В центр соваться не стали. Проехали только по Софьи Перовской и Сочинской до Монумента Дружбы, но нам и этого хватило. Пара битых машин, въехавших в столбы или дома, валяющиеся на улице трупы. Немного, поскольку, как я помню, всё произошло ночью, в такое время, когда пешеходы большая редкость, но иногда попадаются. И разграбленные торговые точки. В первую очередь, круглосуточные.
В салонном зеркале бледное лицо Венеры, стучащей от страха зубами. Серёга с каменным лицом смотрит строго вперёд.
— Всё, возвращаемся, — объявил я и развернулся прямо посреди широкой пустой дороги.
Поднялись в гору, свернули к конечной автобуса, и я остановил милицейскую машину возле уже разграбленного магазинчика, подогнав её задом к выдранной с корнем входной двери.
— Грузим жратву. Любую, какая попадётся. Но лучше ту, которая предназначена для длительного хранения.
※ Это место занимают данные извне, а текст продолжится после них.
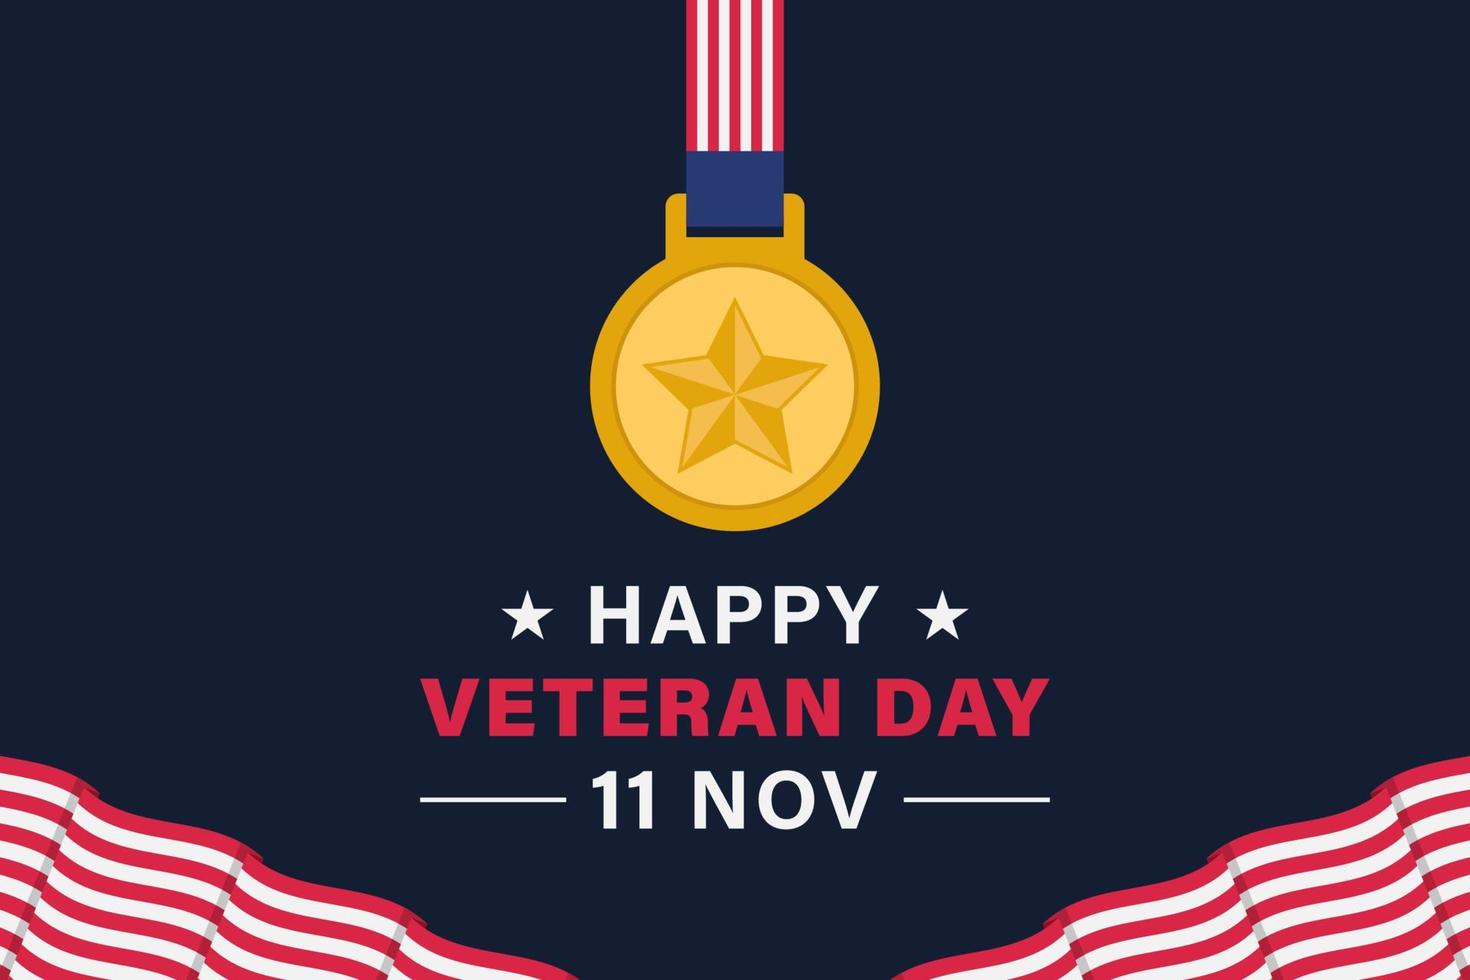 Veteran day vector background banner poster

Венера, а ты выгреби всё, что для ваших женских нужд требуется. И не стесняйся забирать подчистую всё, что найдёшь: что-то мне подсказывает, что новых поставок этого добра не предвидится.
Уложились в пятнадцать минут, просто сгребая в пустые коробки, найденные в подсобке, всё, что было на полках и витринах. А «обезьянник» у милицейской машины просторный, много в него поместилось.
Данилыч заметивший мелькающую сквозь кусты милицейскую машину, спустился на берег, видимо, собираясь перенаправить представителей власти в сторону обнаруженных Сергеем трупов. И был очень удивлён, когда из автомобиля выбралась наша троица с окаменевшим физиономиями.
— Пойдём, присядем. Разговор долгий будет, и нужно, чтобы его все слышали. Не хочу повторяться.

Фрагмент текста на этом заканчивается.